• Record set:
────────────────────────────────────────

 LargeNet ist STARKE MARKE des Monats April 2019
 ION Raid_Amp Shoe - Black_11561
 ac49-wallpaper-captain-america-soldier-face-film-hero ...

────────────────────────────────────────

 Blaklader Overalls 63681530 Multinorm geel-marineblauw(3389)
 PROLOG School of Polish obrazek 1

────────────────────────────────────────

• Task goal:
There is a line with "Blaklader Overalls 63681530" and a line with "PROLOG School of Polish obrazek 1" above. Copy exactly those two lines and all lines between them, with nothing else.

• Worked solution:
 Blaklader Overalls 63681530 Multinorm geel-marineblauw(3389)
 PROLOG School of Polish obrazek 1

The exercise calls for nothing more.